[Collected data Boundary: Start]

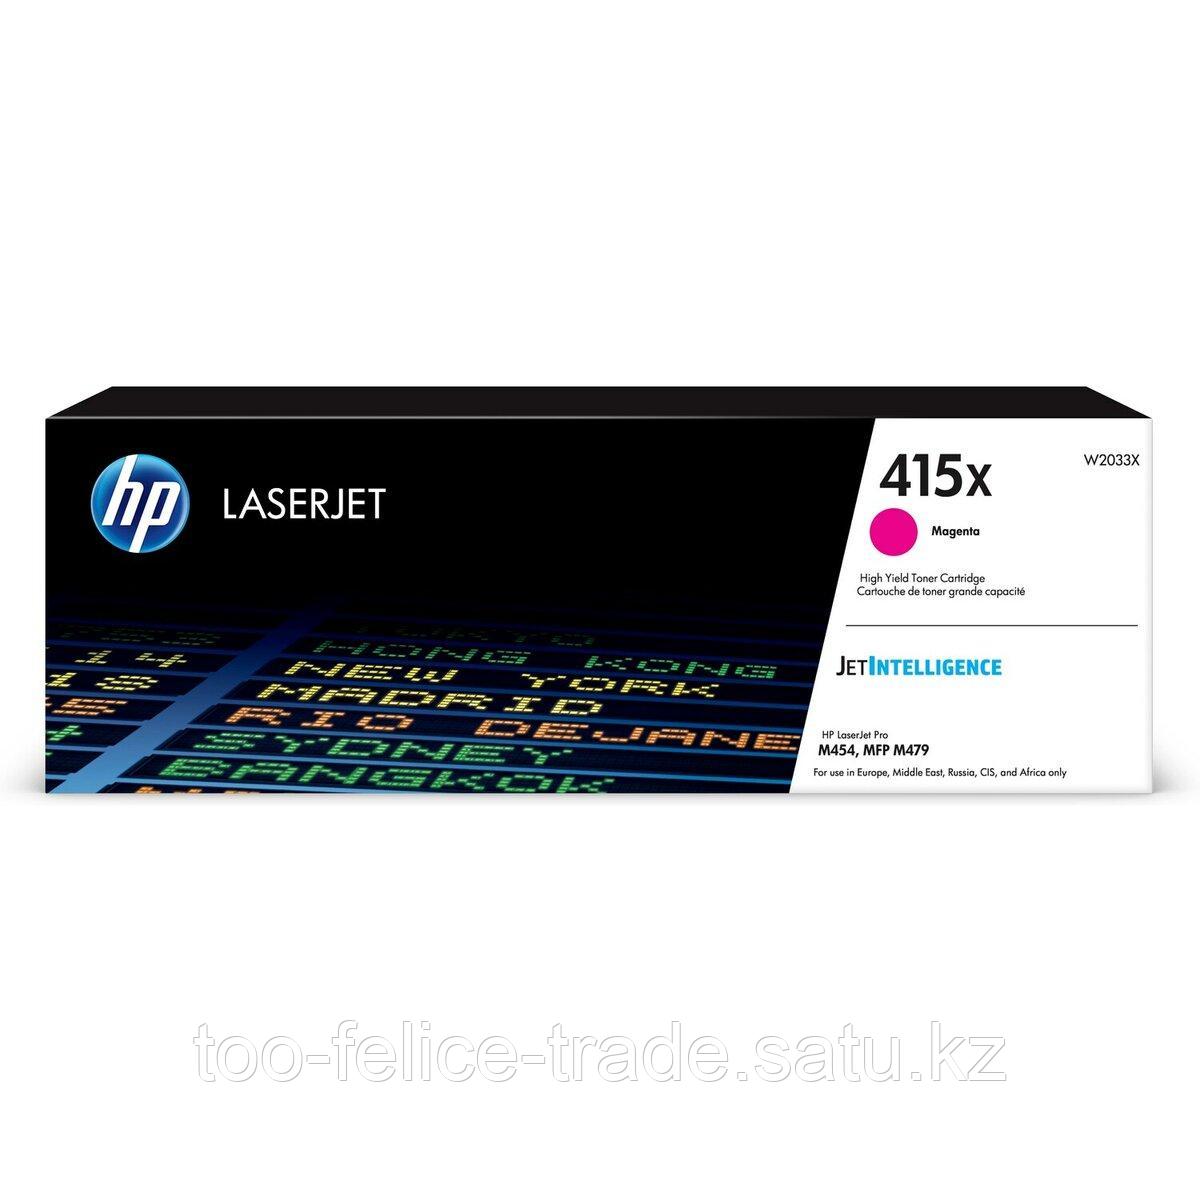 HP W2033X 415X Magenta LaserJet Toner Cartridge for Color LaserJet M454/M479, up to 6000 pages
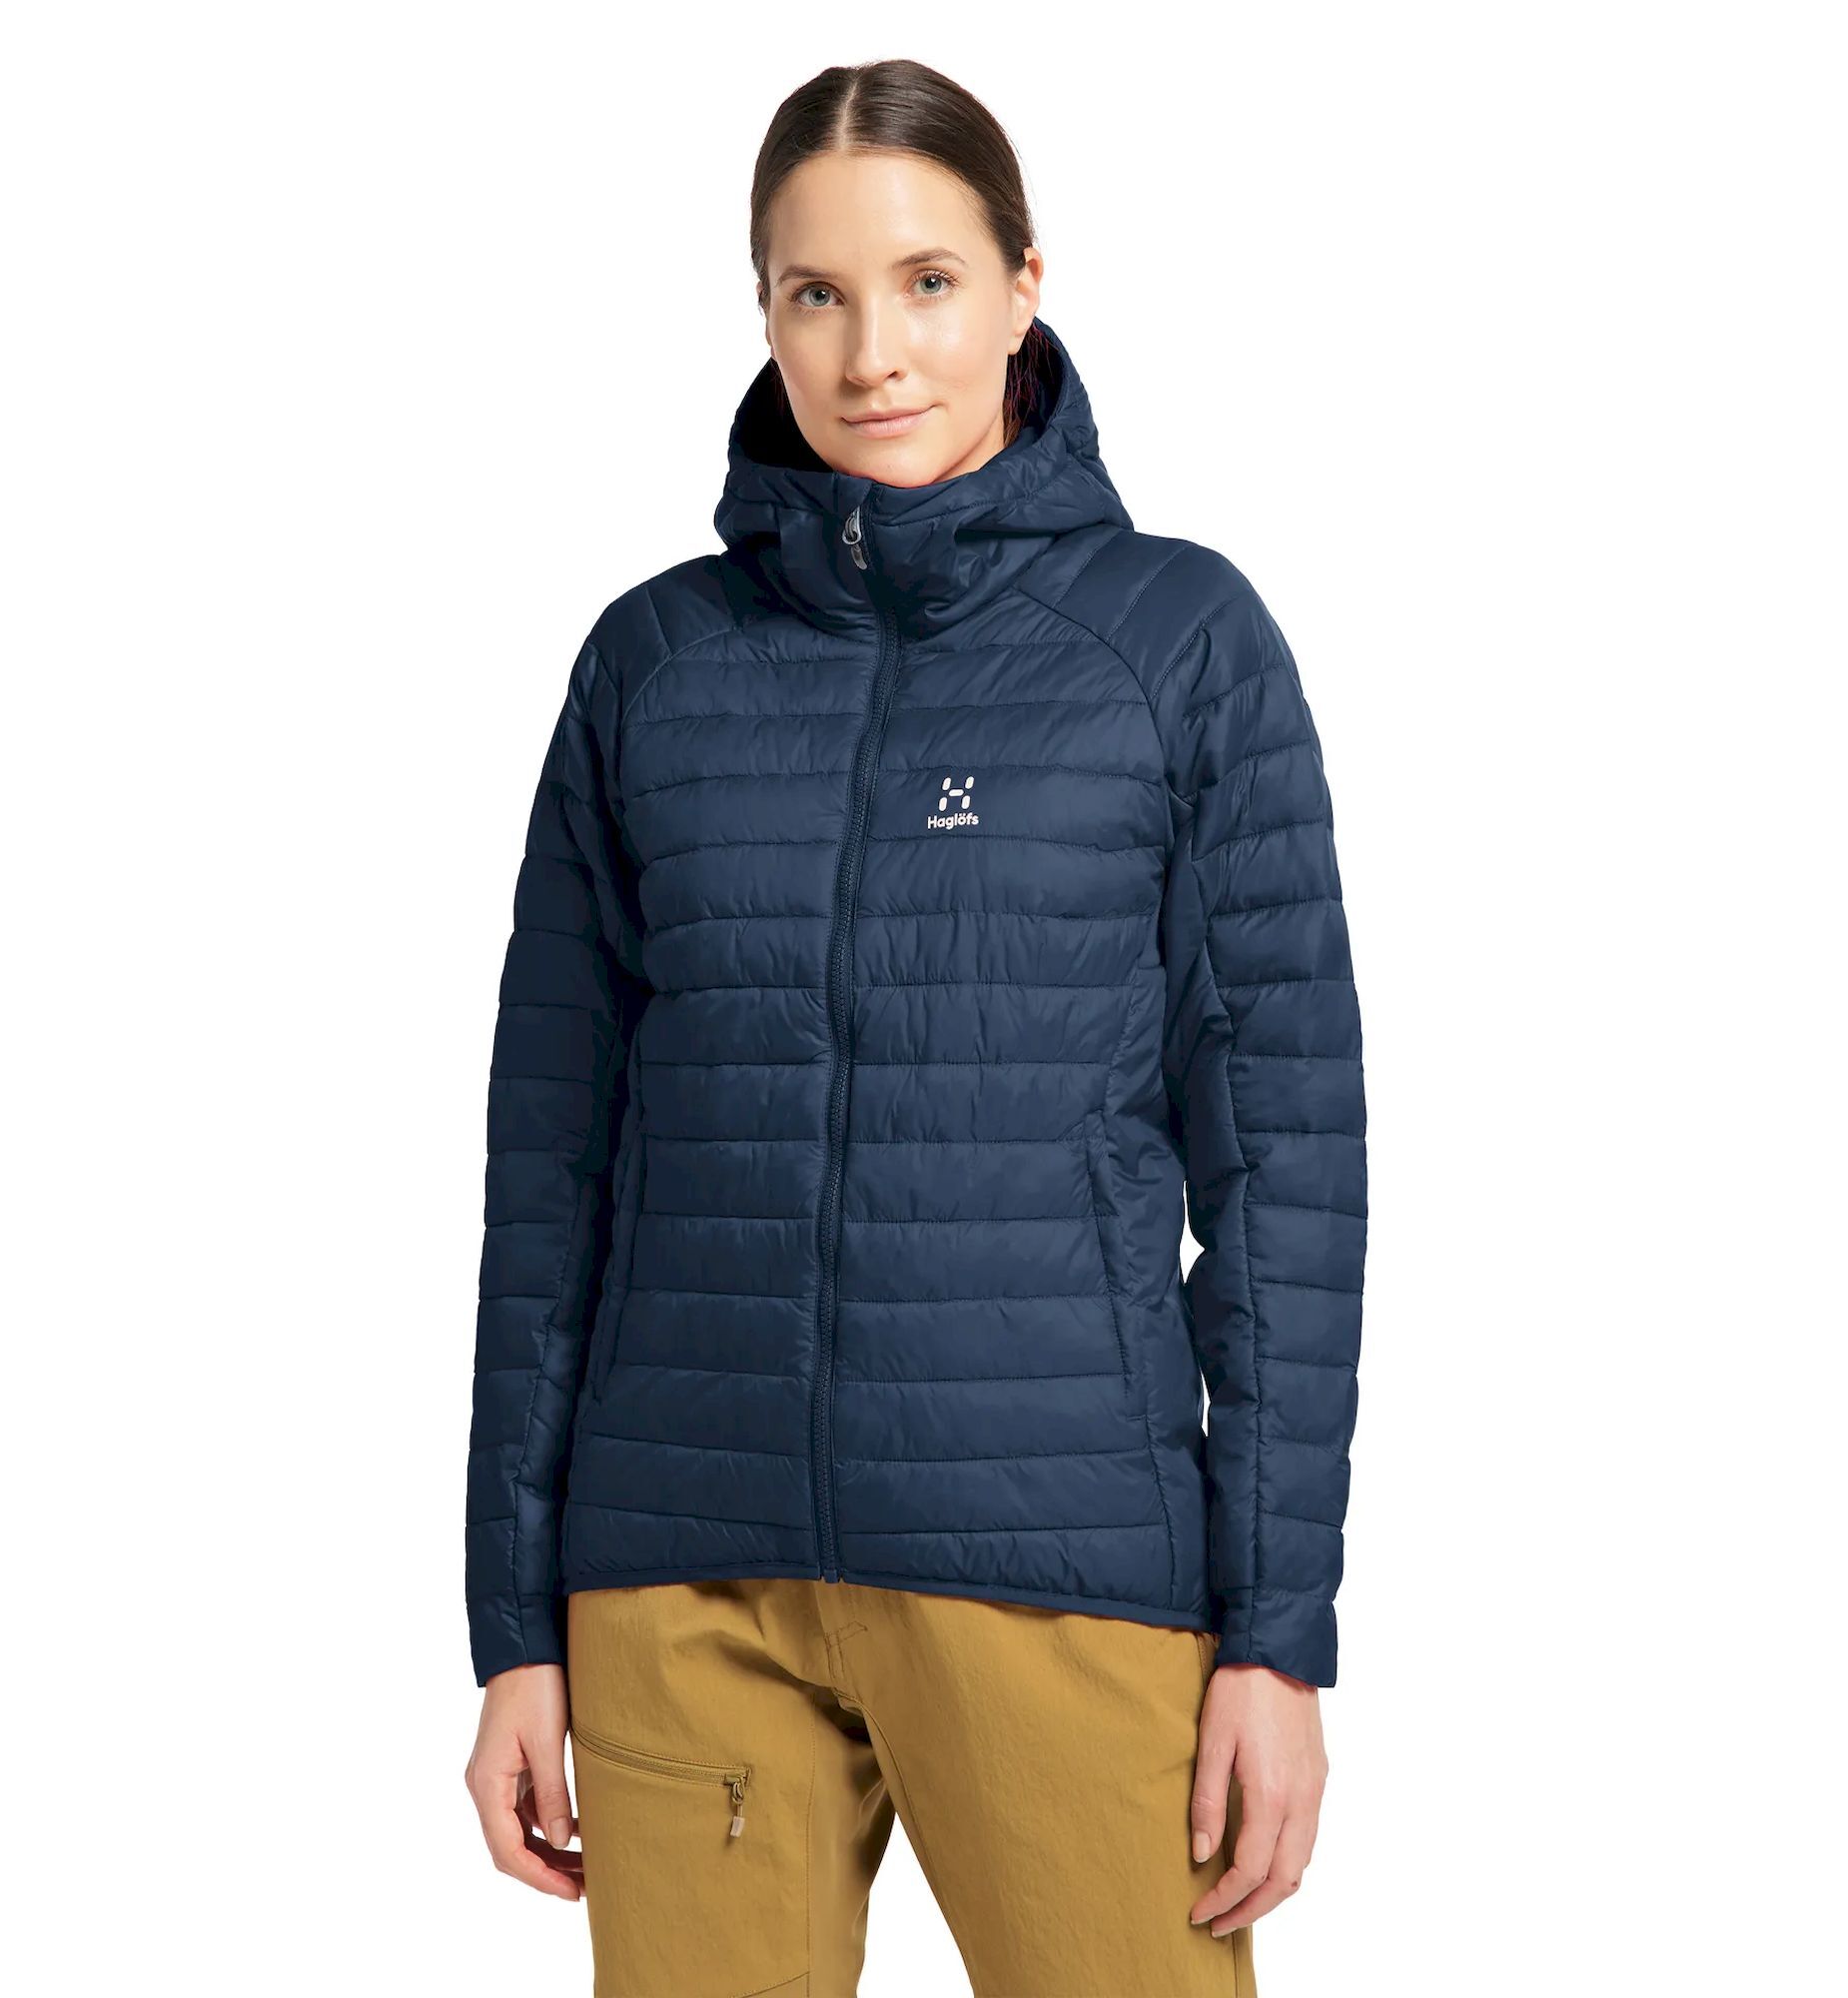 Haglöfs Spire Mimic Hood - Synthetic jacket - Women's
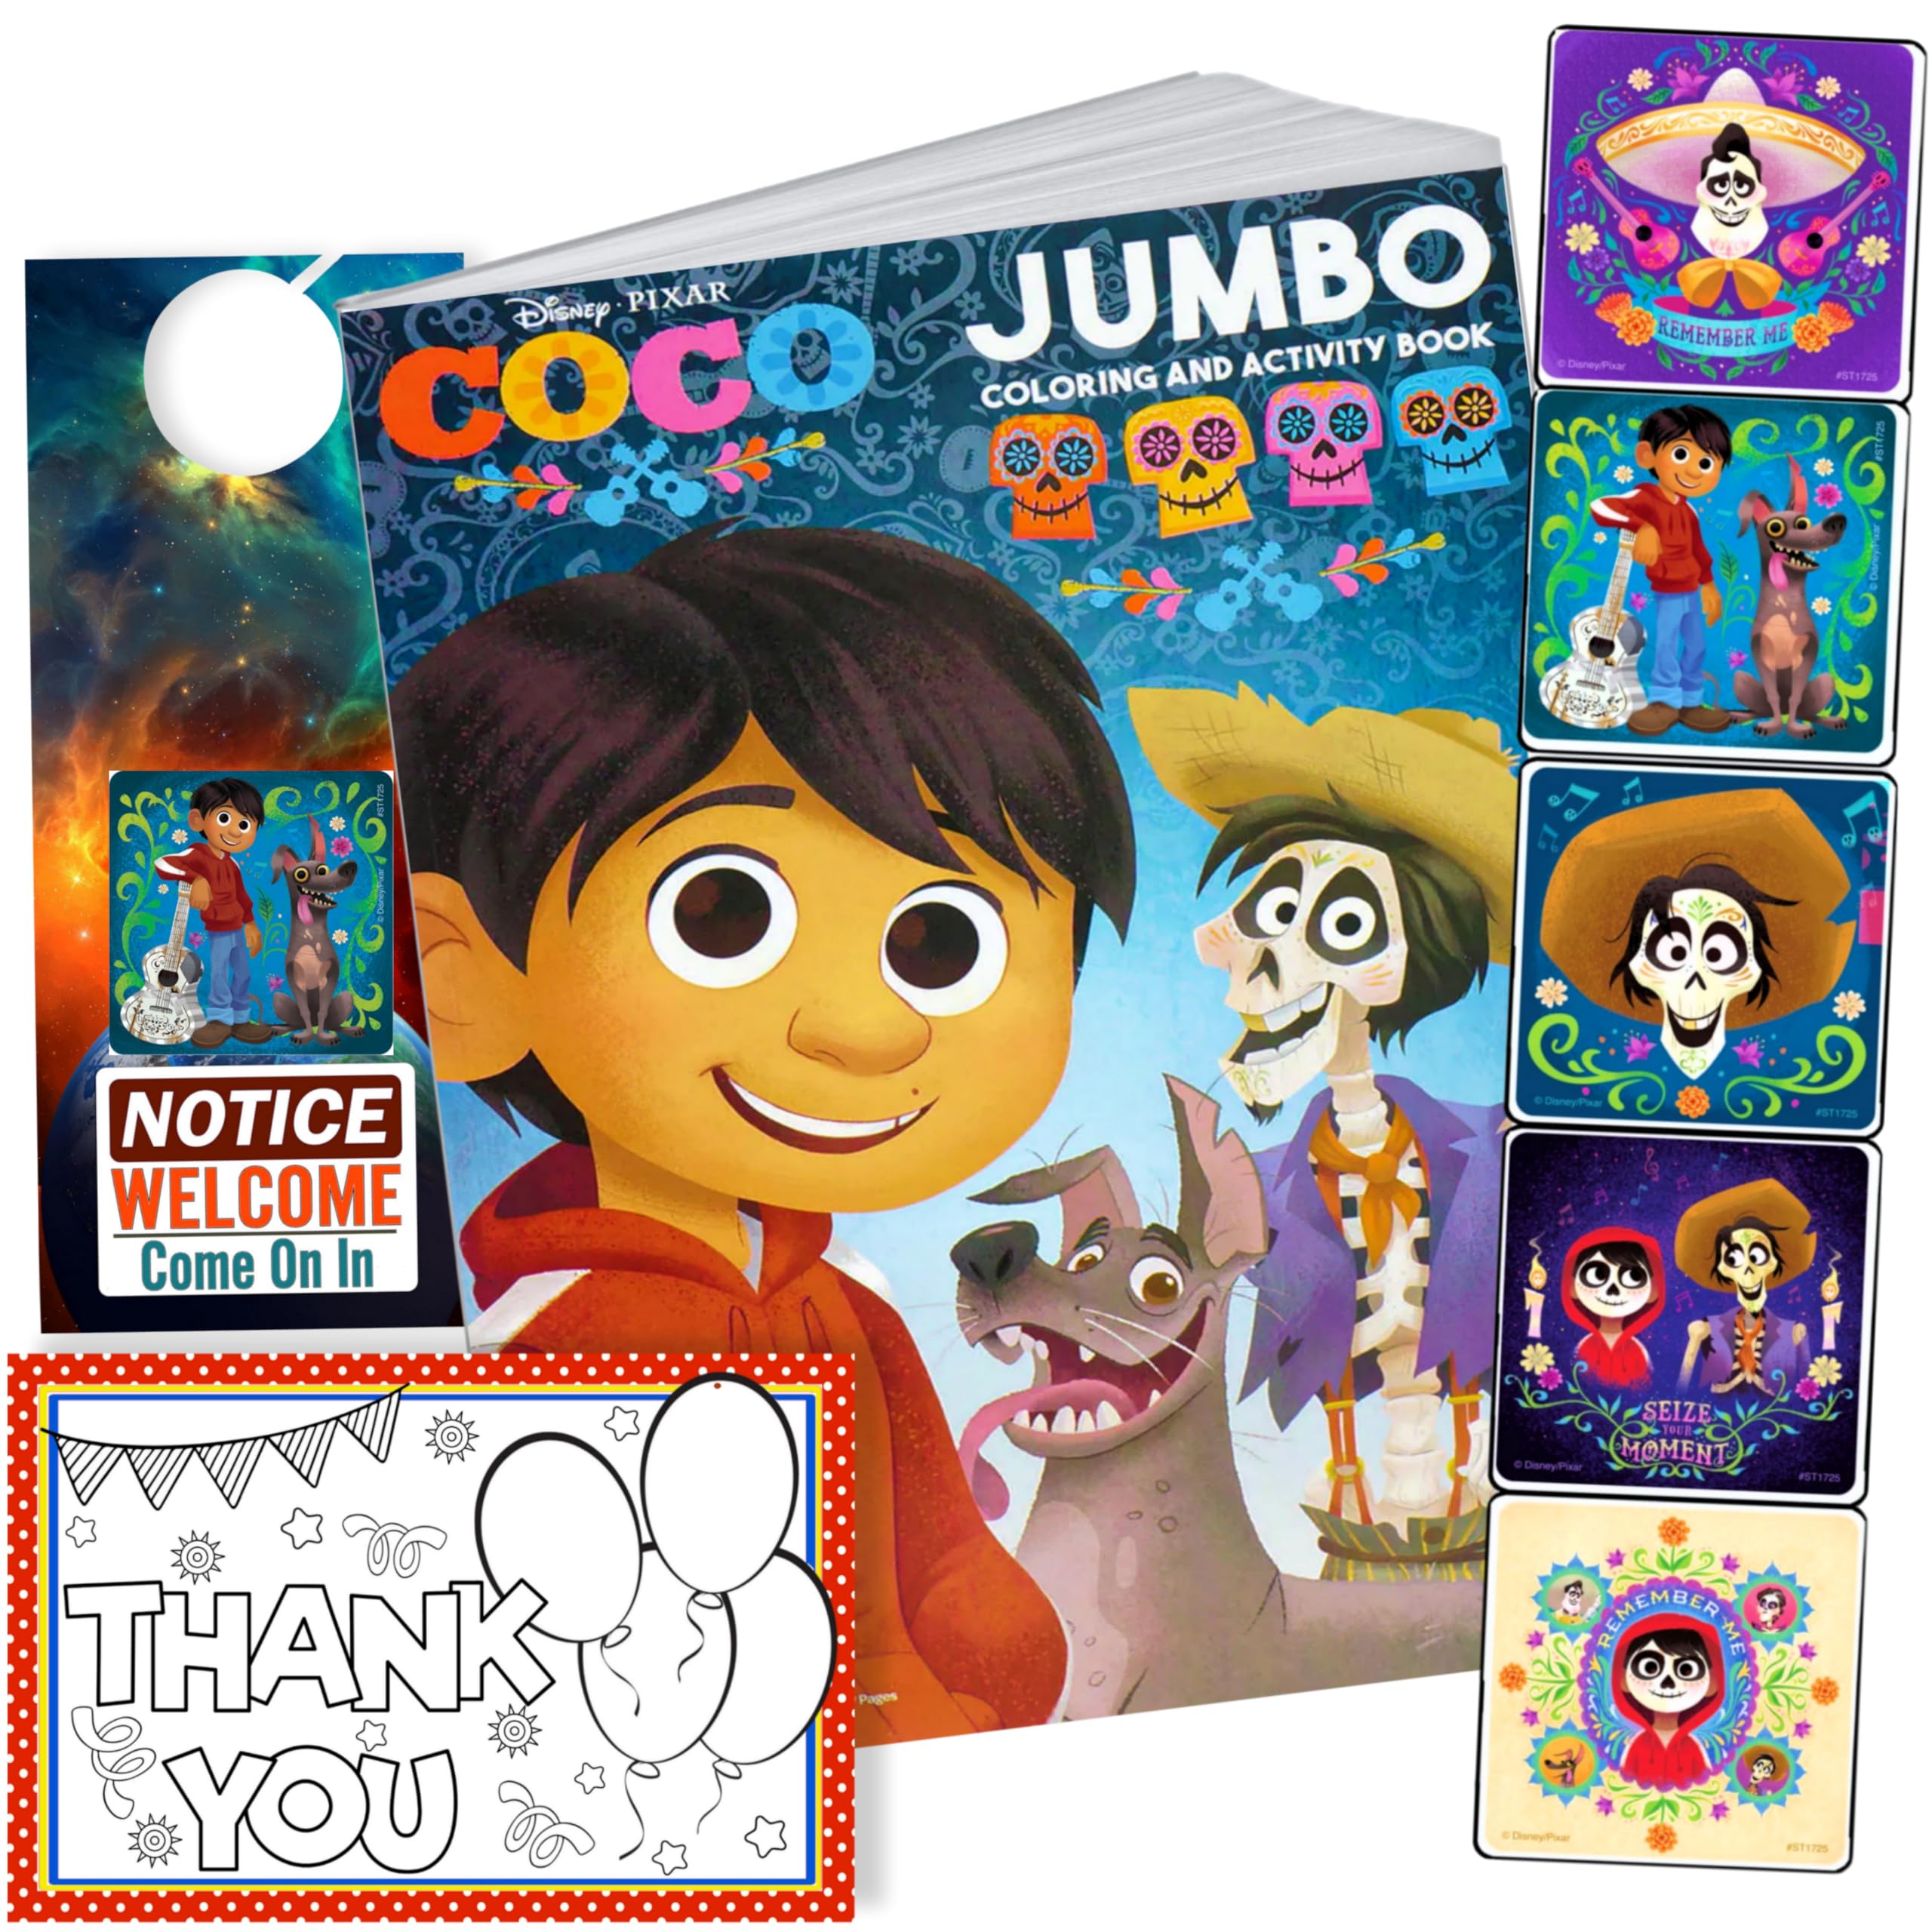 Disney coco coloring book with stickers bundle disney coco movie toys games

[Collected data Boundary: End]

**Problem to work on**
Write out every line above exactly, minus images.

**Exercise output**
 HP W2033X 415X Magenta LaserJet Toner Cartridge for Color LaserJet M454/M479, up to 6000 pages
 Haglöfs Spire Mimic Hood - Synthetic jacket - Women's
 Disney coco coloring book with stickers bundle disney coco movie toys games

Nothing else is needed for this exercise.